On Wed,  2 Apr 2014 11:24:43 +0200
Christian Borntraeger <borntraeger@de.ibm.com> wrote:

> shall we send out patch 1 via your tree or kvm? Should be still in for 3.15
> 
> Can you ACK patches 2-5?
> 
> 
> Dominik Dingel (5):
>   KVM: s390: make cmma usage conditionally
>   KVM: s390: Adding skey bit to mmu context
>   KVM: s390: Clear storage keys
>   KVM: s390: Allow skeys to be enabled for the current process
>   KVM: s390: Don't enable skeys by default
> 
>  arch/s390/include/asm/kvm_host.h    |  4 ++
>  arch/s390/include/asm/mmu.h         |  2 +
>  arch/s390/include/asm/mmu_context.h |  1 +
>  arch/s390/include/asm/pgalloc.h     |  3 +-
>  arch/s390/include/asm/pgtable.h     | 42 +++++++++++------
>  arch/s390/kvm/diag.c                |  6 ---
>  arch/s390/kvm/kvm-s390.c            | 61 +++++++++++++++---------
>  arch/s390/kvm/kvm-s390.h            |  6 ++-
>  arch/s390/kvm/priv.c                | 94 +++++++++++++++++++++----------------
>  arch/s390/kvm/trace.h               | 14 ++++++
>  arch/s390/mm/pgtable.c              | 61 +++++++++++++++++++-----
>  11 files changed, 199 insertions(+), 95 deletions(-)
 
This is all related to kvm and the majority of changes are for files
in the kvm directory.
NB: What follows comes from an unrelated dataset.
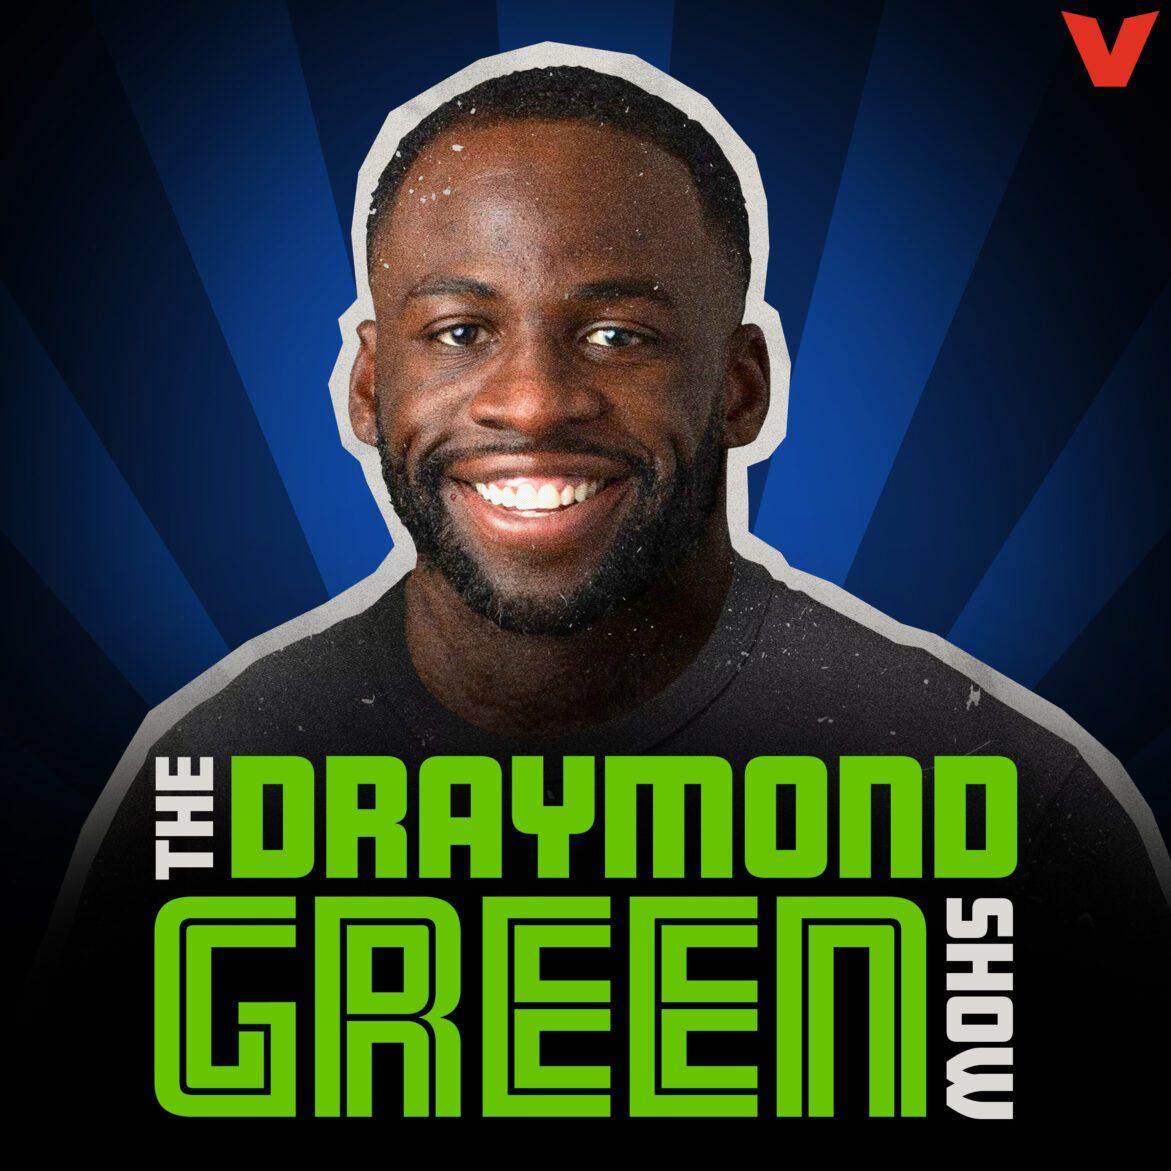 Black Podcasting - The Draymond Green Show - Steve Kerr Helps Break Down Game 2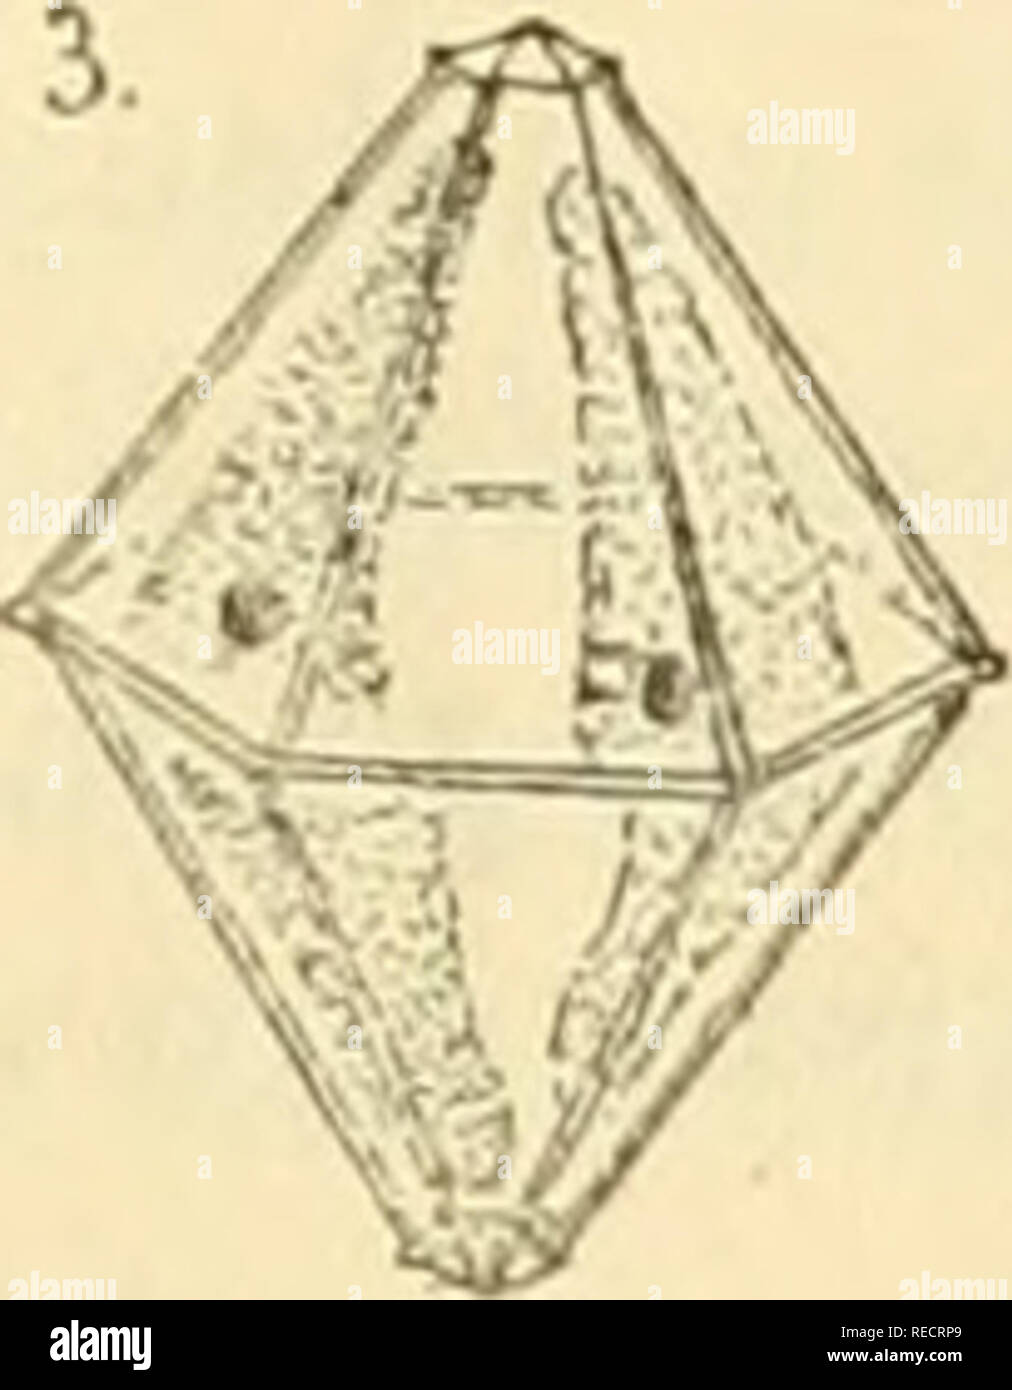 comptesrendusheb1171171893acad. es naturelles. affectent une forme  gÃ©omÃ©trique trÃ¨s-remarquable {fig. 2); l'enveloppe est en effet formÃ©e  de deux pyramides hexagonales accolÃ©es par leurs bases et dont le sommet  un peu tron([uÃ© est

The changes in the mm headers only affect the
code for CONFIG_PGSTE=y. I think this should go over the kvm tree.

And "Acked-by: Martin Schwidefsky <schwidefsky@de.ibm.com>" for the
patches 2-5.

-- 
blue skies,
   Martin.

"Reality continues to ruin my life." - Calvin.